Dissolution and / or chemical destruction. This mechanism is similar to the degradation mechanism except that a special dissolution agent can be injected into the plug to cause at least partial dissolution. Examples of materials that can
also used were described above in the description of the preparation of the suspension. Chemical destruction is also a useful mechanism for the removal of waste from the carrier fluid used. For example, when using fluid reticulation as a dehydration mechanism, the crosslinked fluid can be destroyed by descreiculation agents or by polymeric chain destroyers. It is known that the crosslinked guar can be effectively destroyed by oxidants, for example, H4S2O8, NaB03 and others. The crosslinking of the alginate with calcium can be destroyed with acid, for example, citric acid or by the same oxidation agents. It should be noted that acid can be produced within the plug if polyesters (eg, PLA) are used as part of the original multimodal mixture. Many polymers can be destroyed by enzymes. One embodiment is the de-crosslinking of alginate forming complex with Ca2 + by lactic acid formed by hydrolyzing PLA.
Foundry. If some components of the original multimodal mixture are fusible, the temperature recovery will cause them to be removed from the plug. Examples of potentially usable materials are also described above in the description of the preparation of the suspension.
Examples
Any element of the disclosed embodiments can be replaced by any other of several equivalent alternatives, only some of these are disclosed in the specification.
The embodiments may be further understood from the following examples.
EXAMPLE 1 Dehydration of suspension by water-absorbing particles.
Alginate / Ca2 + complex particles were prepared by incubating 2000 ml of a 2% alginate solution in an oven at a temperature between 50 ° C and 80 ° C with 133 ml of a 1% CaCl2 solution for 24 hours, the complex formed below was washed with deionized water and put back in the oven at 50 to 80 ° C to dry further. The solid mass obtained below was milled and the particles having sizes between 0.43 mm and 0.84 mm were selected. They added
10 g of the alginate / Ca complex particles with a size of 0.43 to 0.84 mm swellable to the suspension composition provided in Table 1. The additional swelling of the alginate / Ca 2+ particles converted the suspension into a substance similar to a solid.
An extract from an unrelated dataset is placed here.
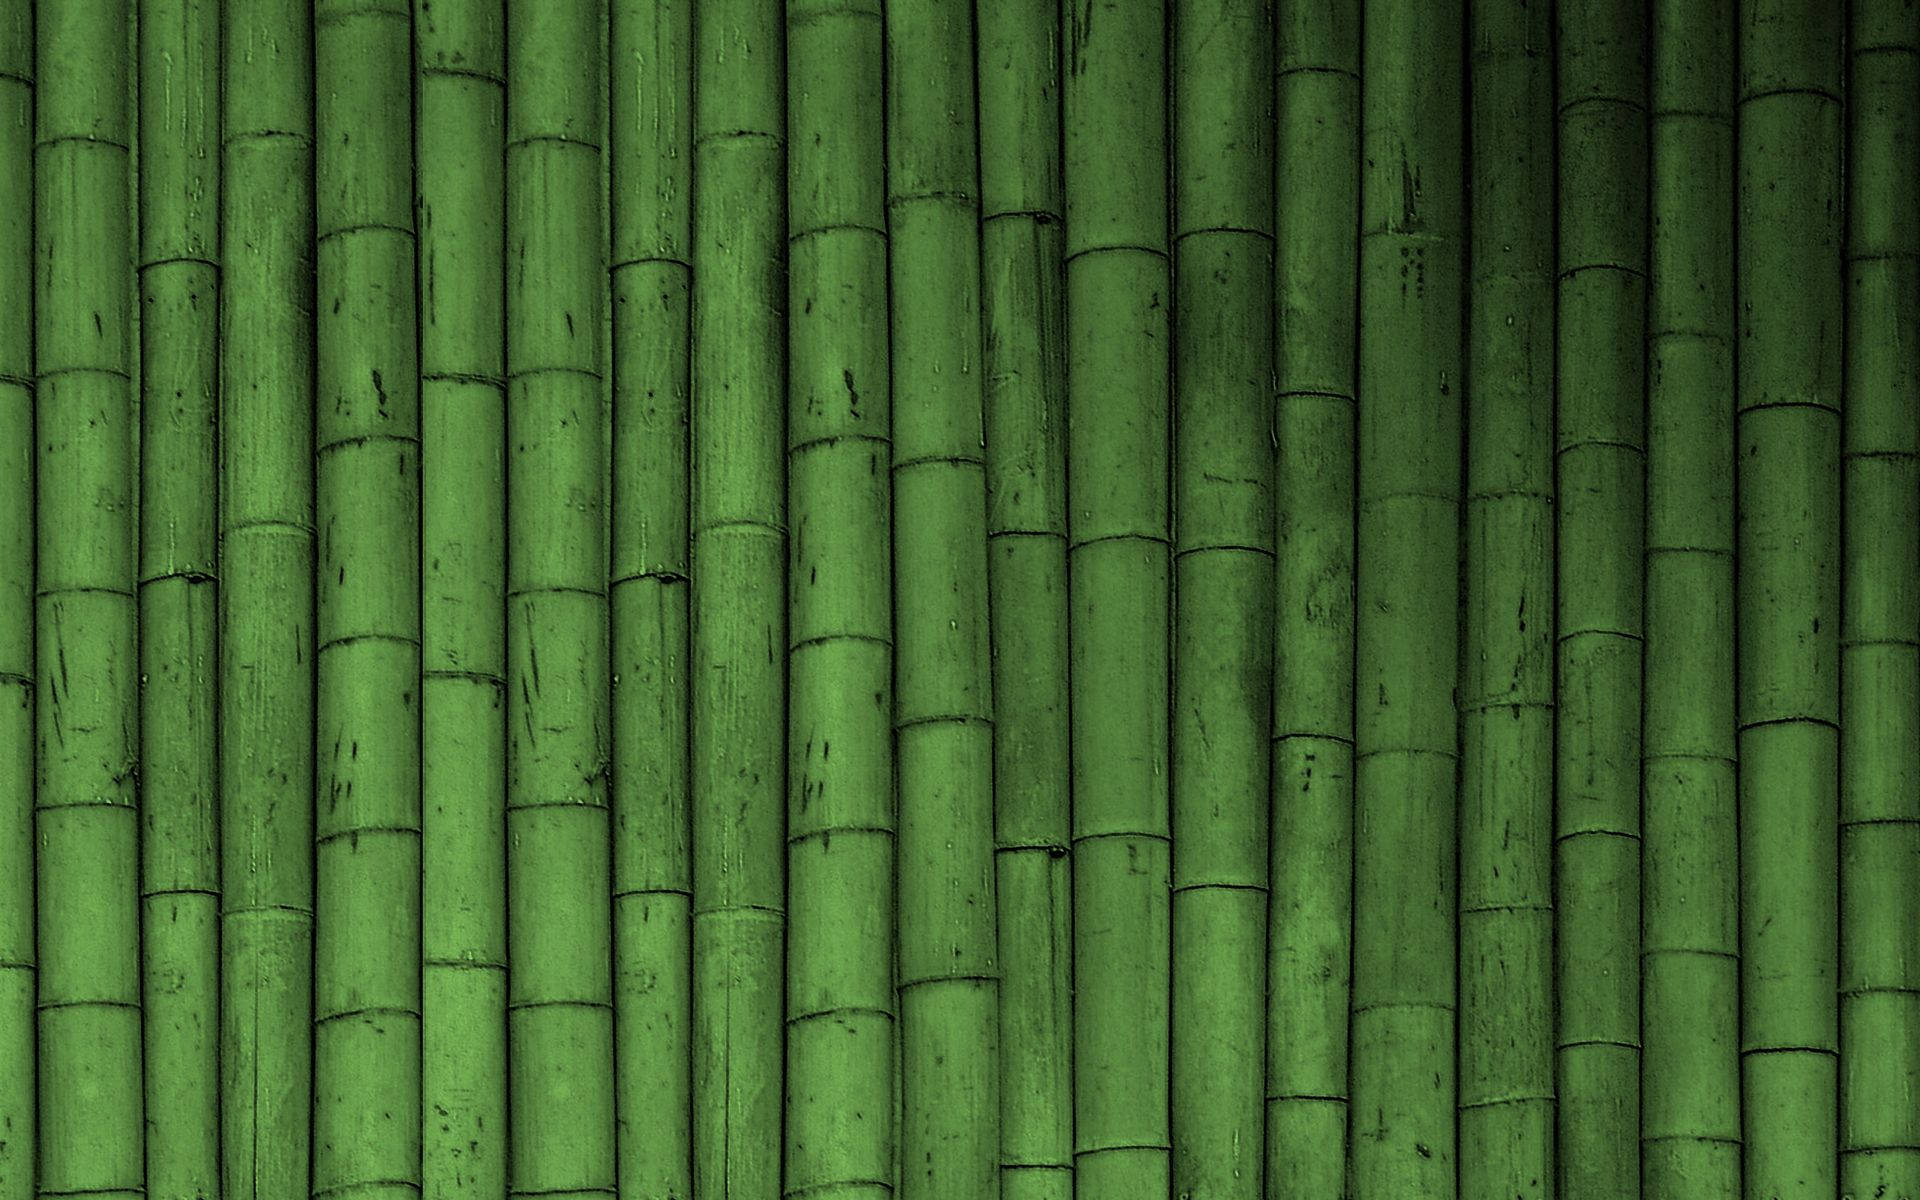 Green Bamboo Fence Background

Multimodal composition Fluid
CarboProp 16/20 Support agent 18 ml of solution
0,584-0,838 mm 56g guar at 0.24% in water
CaCO3 (average diameter 101 microns)
15g
CaCO3 (average diameter 8.0 microns)
22g
Table 1
Example 2 Syneresis of the alginate / Ca complex.
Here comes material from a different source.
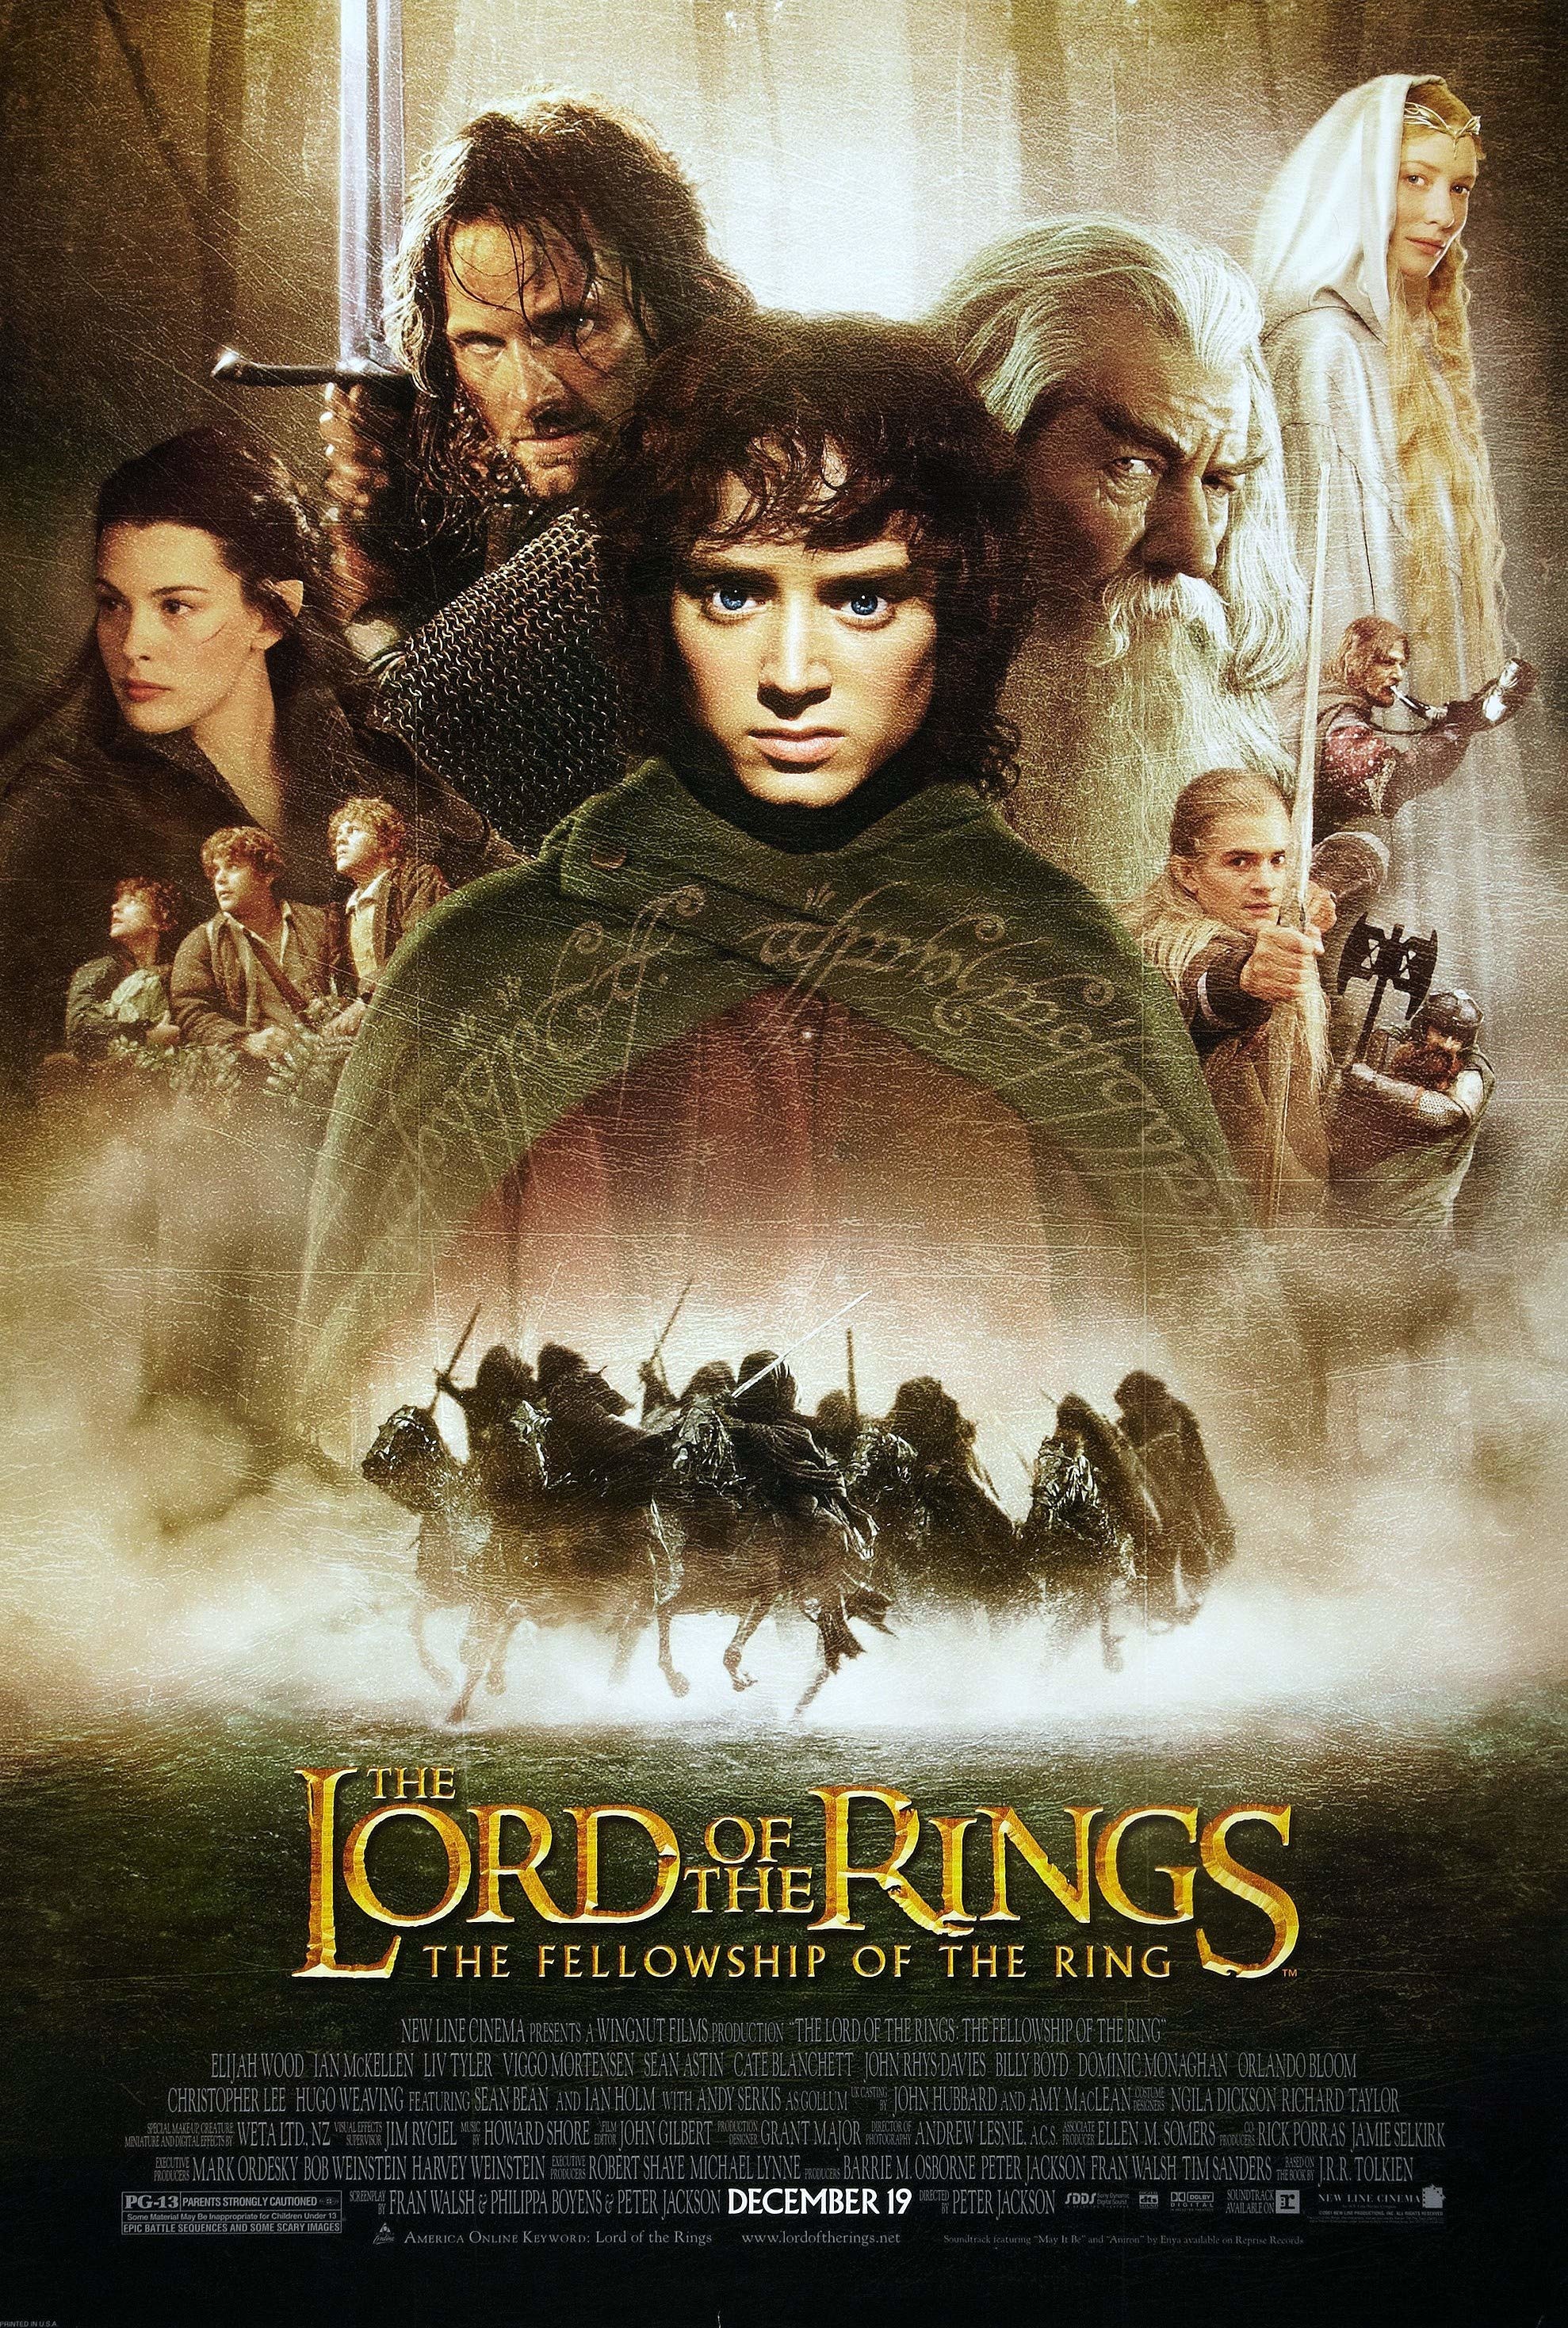 The Lord of the Rings film trilogy The One Wiki to Rule Them All Fandom pic

An alginate / Ca2 + complex was prepared by mixing 20 ml of alginate solution with
2% with 2 ml of a 10% CaCl2 solution. As a result of the syneresis of the gel, after 1 hour, 5.3 g of alginate / Ca2 + complex and 14.7 ml of ungelled water were obtained.
Example 3 Formation of insoluble alginate / Ca 2+ complex.
A suspension was prepared with the multimodal composition and the fluid described in Table 2. When 0.5 ml of a 10% CaCl2 solution was added, the formation of an insoluble complex having a high water content resulted in a reduction considerable in the fluidity of the suspension.
Table 2
Example 4 Creation of a plug by dehydrating a suspension. A suspension containing the trimodal mixture of solid particles and the alginate solution described in Table 3 was prepared.
Multimodal composition Fluid
CarboProp 16/20 Support agent 36 ml of solution
0, 584-0, 838mm 112g 2% sodium alginate
CaCO3 (average diameter 101 in water
microns) 30g
CaCO3 (average diameter 8.0
microns) 22g
Table 3
The apparatus used is shown in Figure 2; includes an accumulator [2] to initially contain the suspension, a slot [4], a receiver accumulator [6], three
pumps (Pump A [8], Pump B [10] and Pump C [12]) and a pressure transducer [18]. The groove was made from a 1.27 cm (1/2 inch) tube having an internal diameter of 10 mm by adhering a monolayer of 100 mesh sand (average diameter of 101 microns) to the inner surface . The length of the slot was 500 mm. The direction of flow is shown by the open arrows. At the beginning of the experiment, the previously prepared suspension was placed in the accumulator and the rest of the system was loaded with water, except Pump B and the line between Pump B and the system that were loaded with an 8% CaCl2 solution. . Pump A was set to maintain a pressure of 0.689 MPa (100 psi) on the outlet side of the slot. Before starting the pumping, the suspension valve 1 [14] was closed and the valve 2 [16] was opened. During the experiment, the suspension was moved from the accumulator by Pump C while injecting the CaCl2 solution into the system. The rates for Pump C and Pump B were 10 ml / min and 1 ml / min respectively.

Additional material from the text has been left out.